• **EXERCISE**: With images removed, return the whole listing exactly as written.

• **INPUT DATA**:

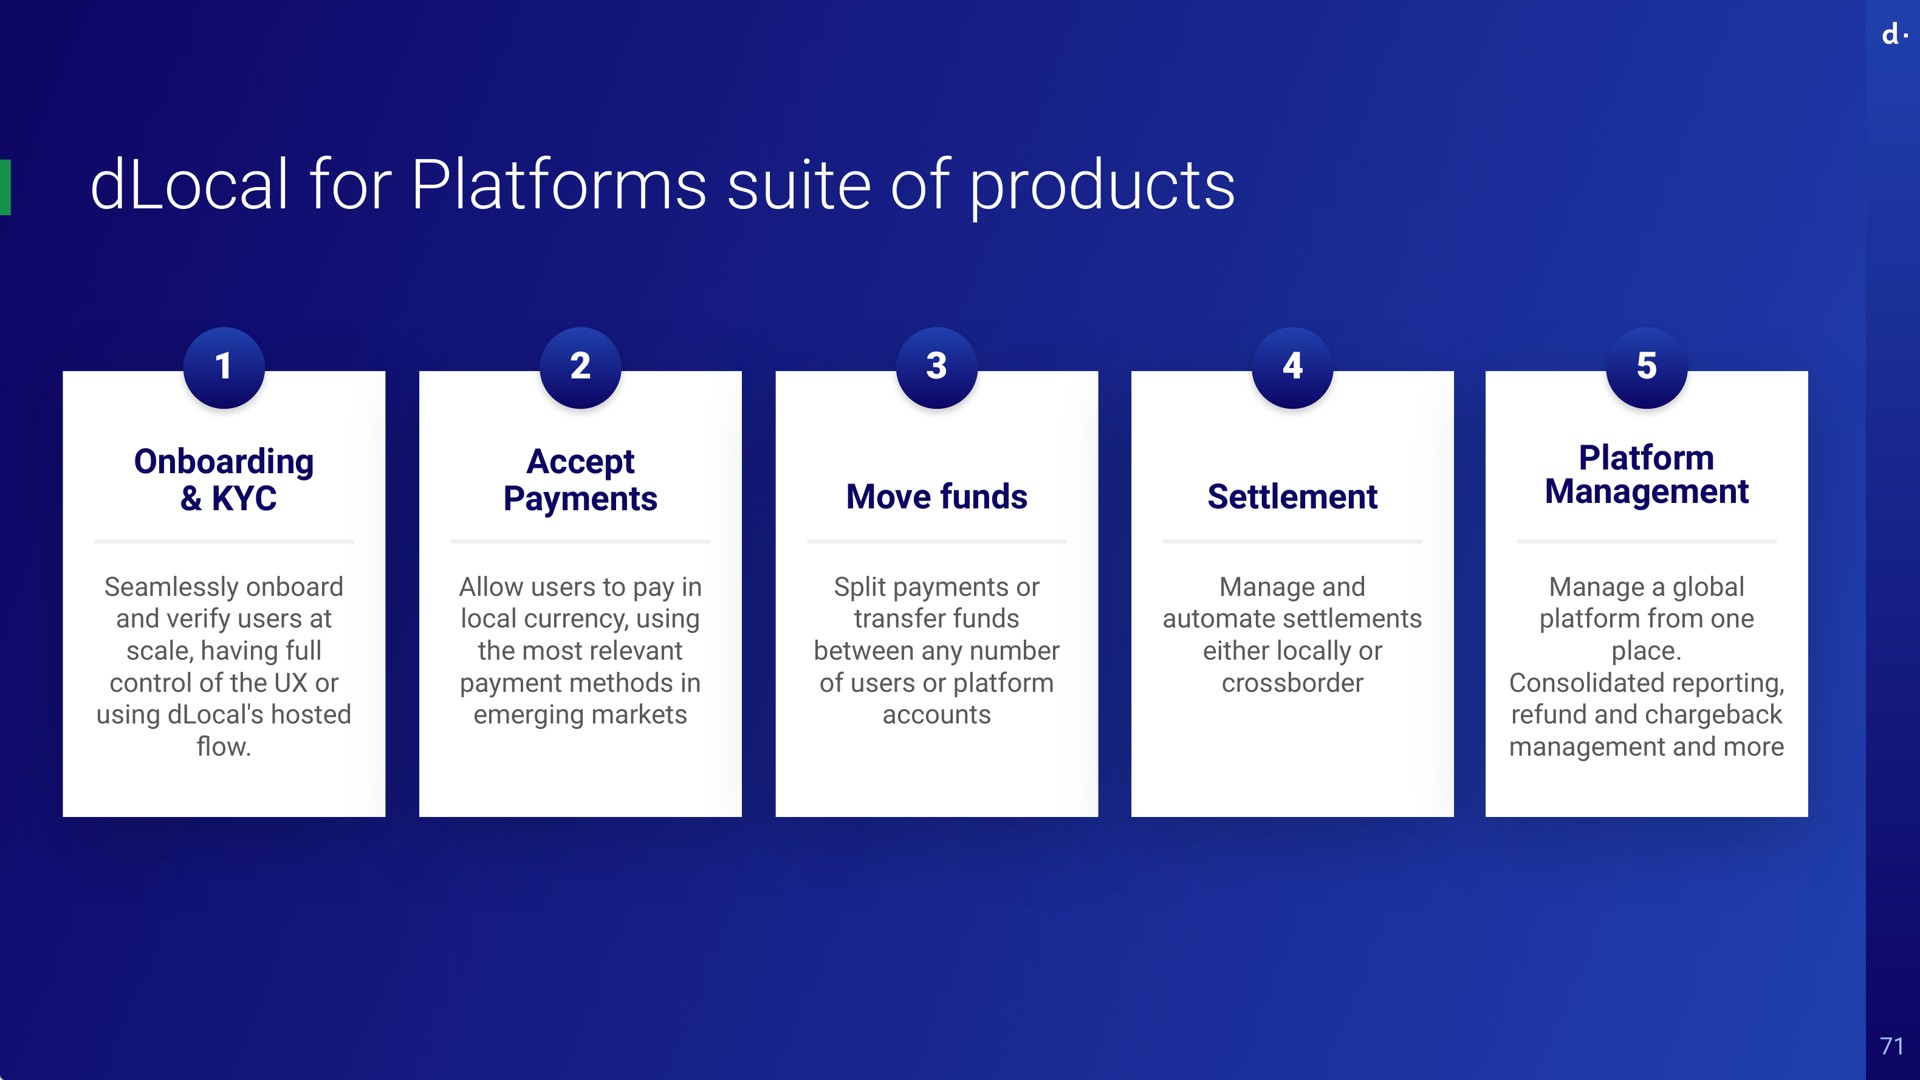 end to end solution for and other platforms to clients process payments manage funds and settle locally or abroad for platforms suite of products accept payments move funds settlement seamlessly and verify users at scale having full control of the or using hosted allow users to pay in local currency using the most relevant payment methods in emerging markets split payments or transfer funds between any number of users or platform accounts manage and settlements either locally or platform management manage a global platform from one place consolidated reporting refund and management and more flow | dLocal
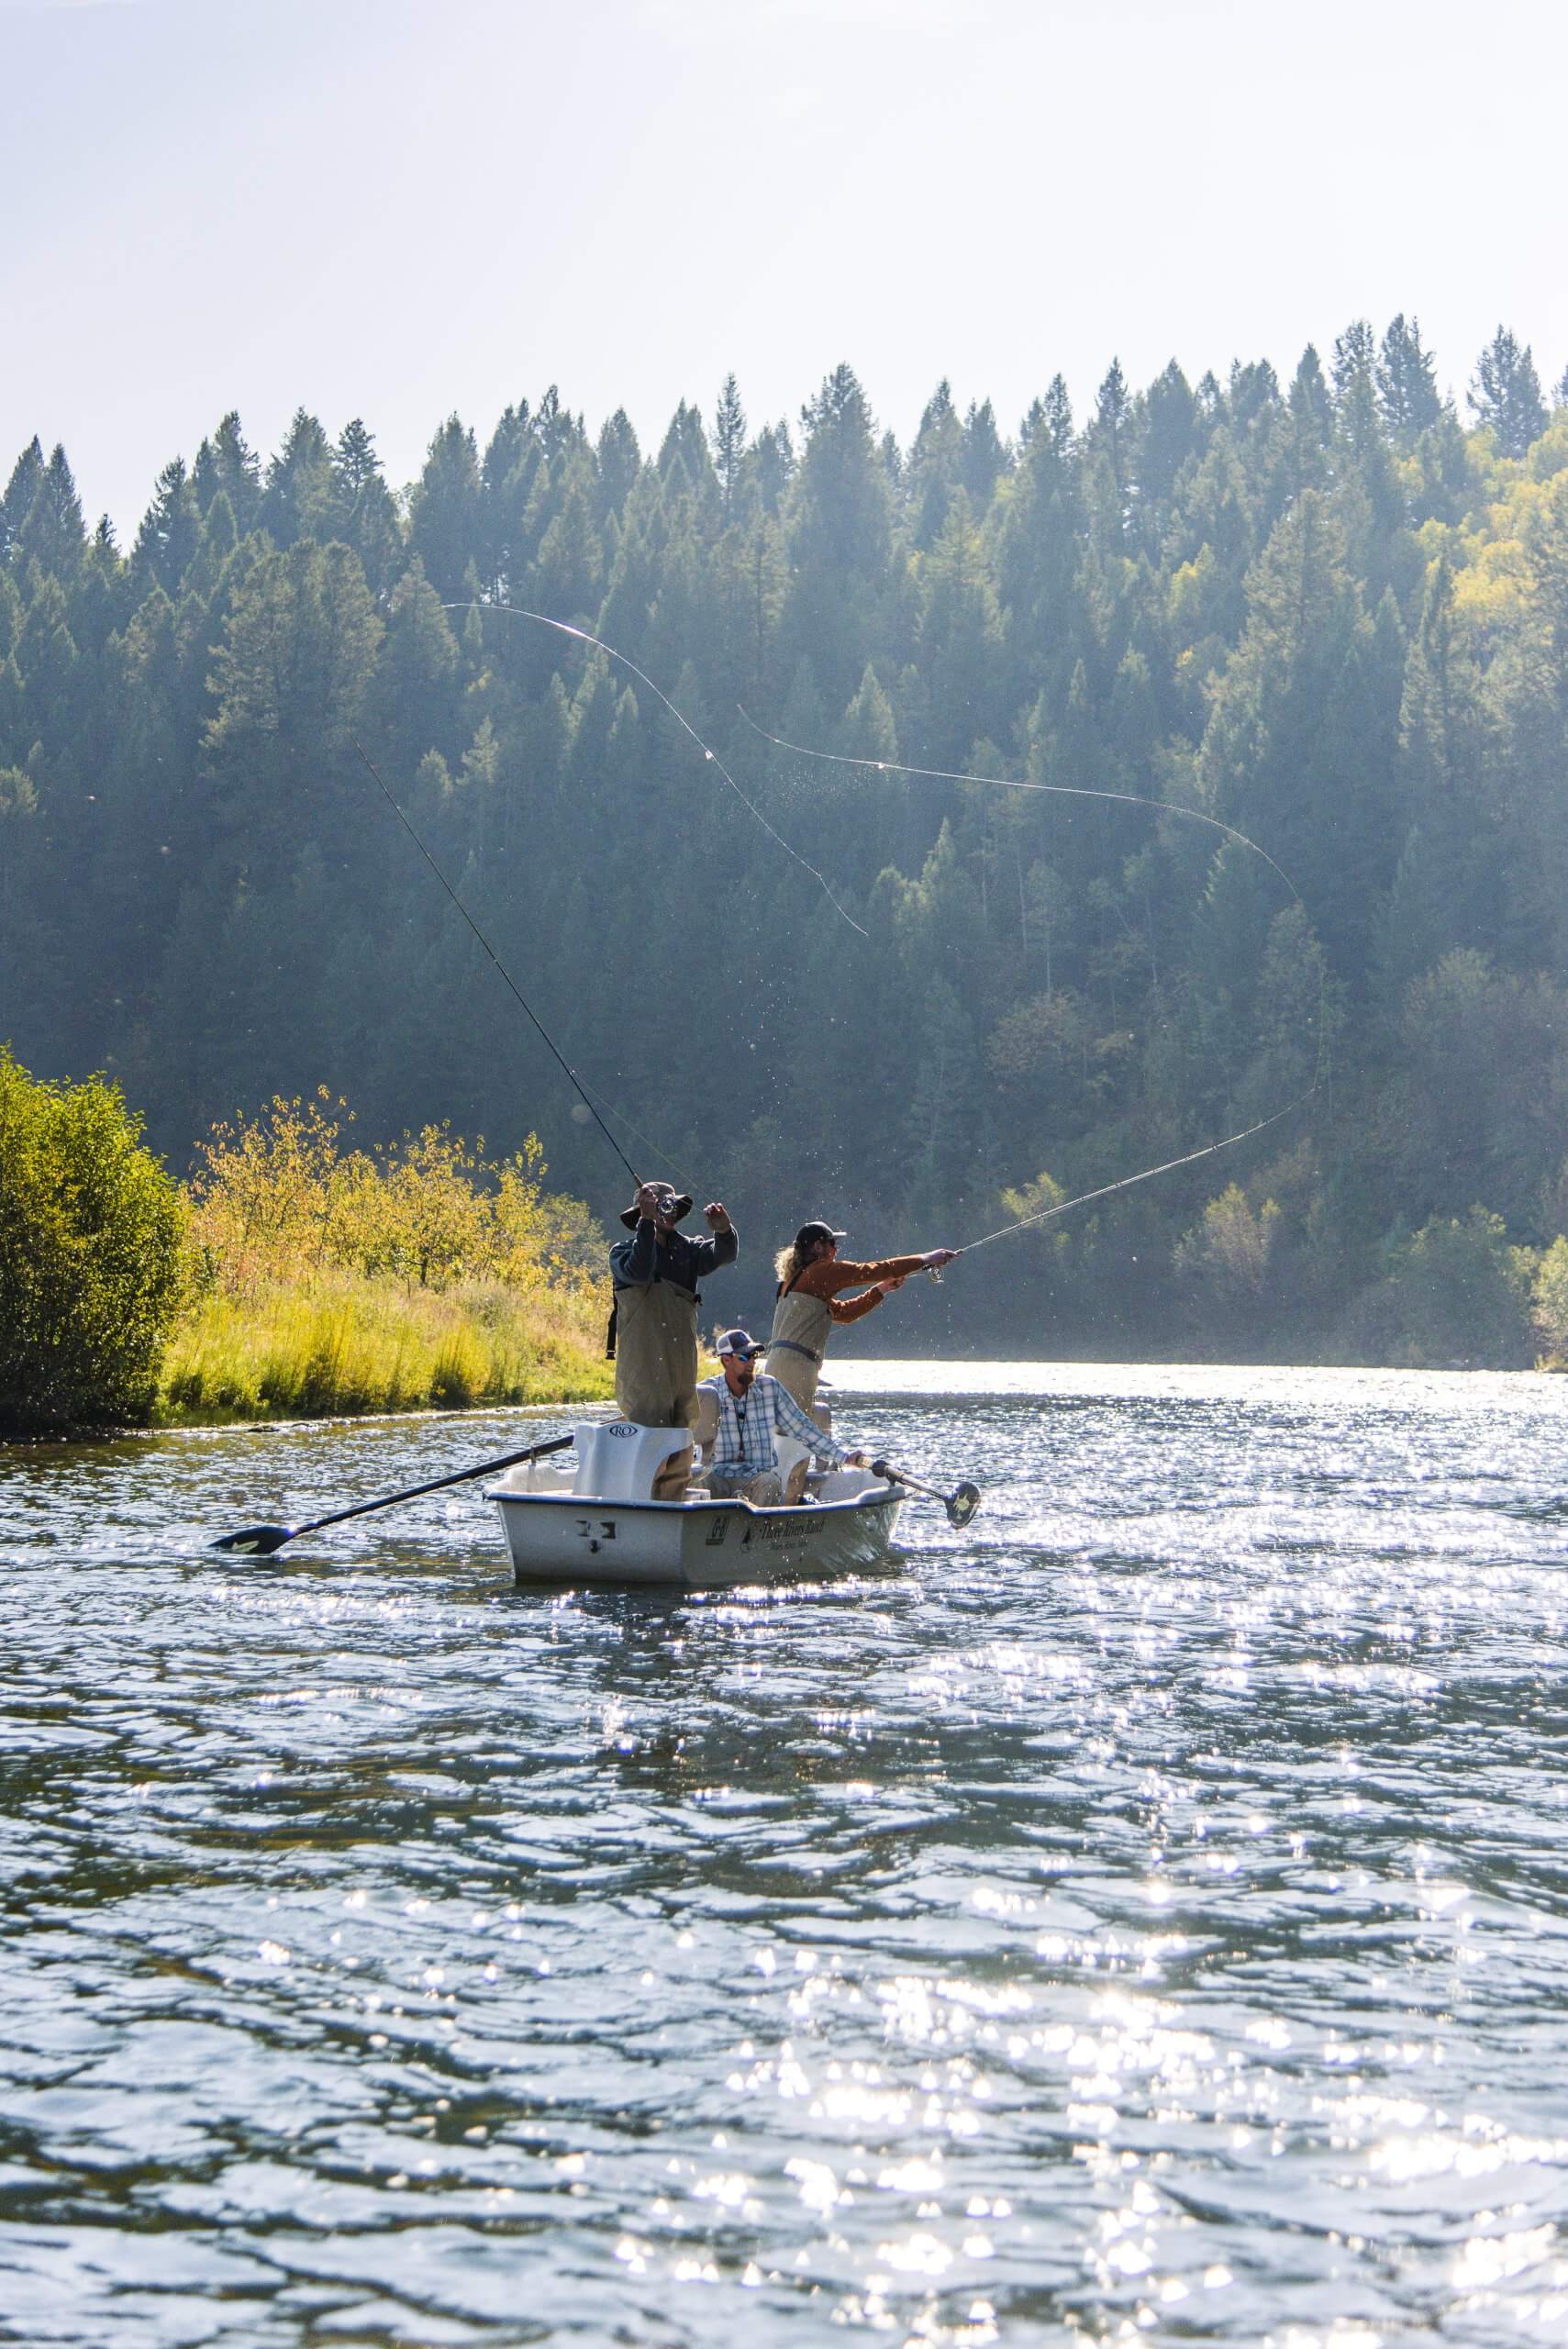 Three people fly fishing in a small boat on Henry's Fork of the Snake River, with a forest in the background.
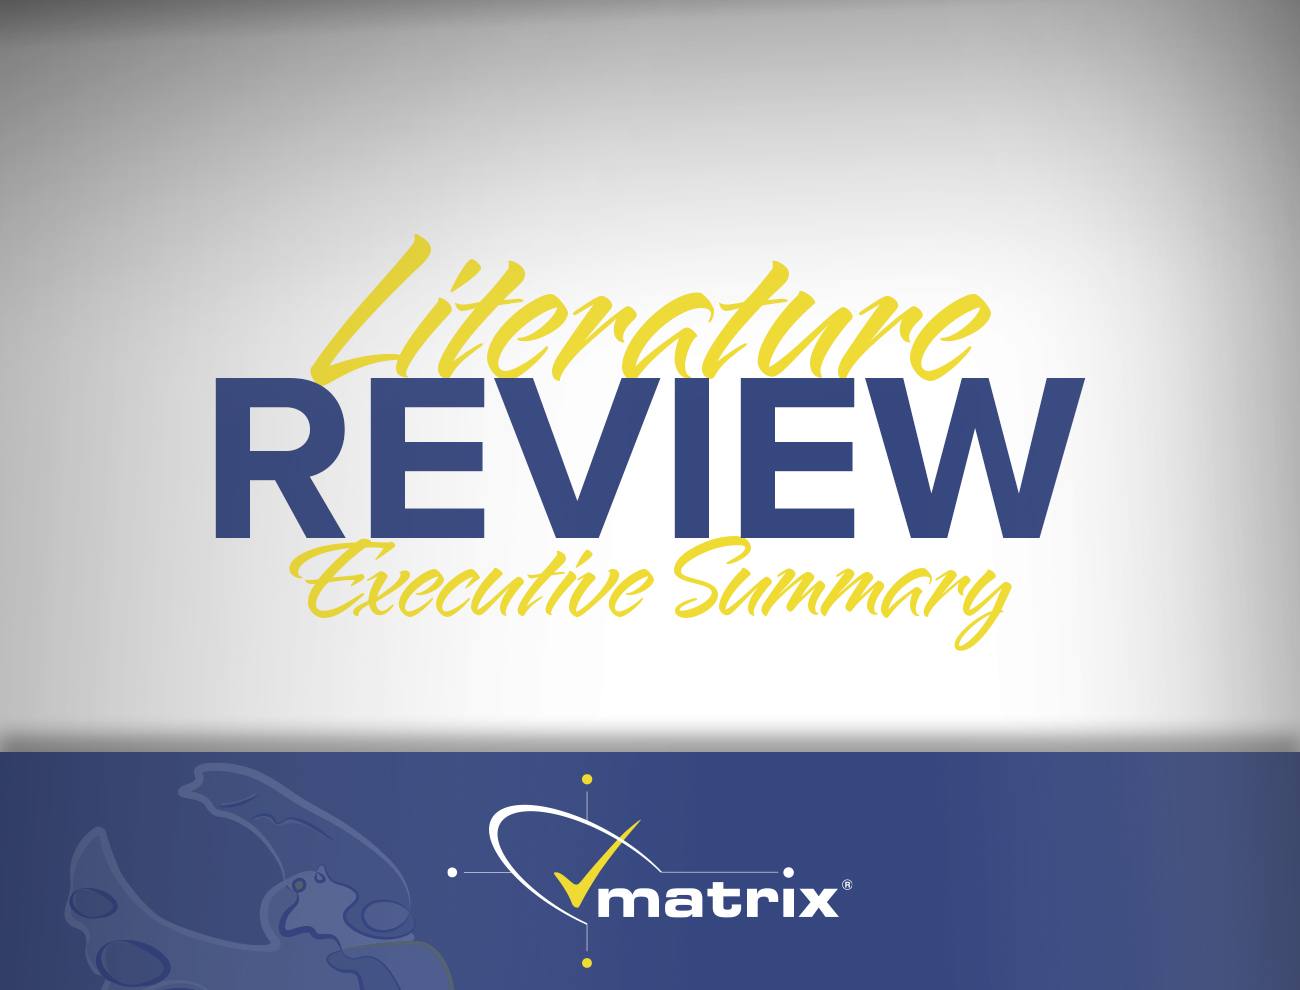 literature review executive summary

• **SOLUTION TO THIS PROBLEM**:
 end to end solution for and other platforms to clients process payments manage funds and settle locally or abroad for platforms suite of products accept payments move funds settlement seamlessly and verify users at scale having full control of the or using hosted allow users to pay in local currency using the most relevant payment methods in emerging markets split payments or transfer funds between any number of users or platform accounts manage and settlements either locally or platform management manage a global platform from one place consolidated reporting refund and management and more flow | dLocal
 Three people fly fishing in a small boat on Henry's Fork of the Snake River, with a forest in the background.
 literature review executive summary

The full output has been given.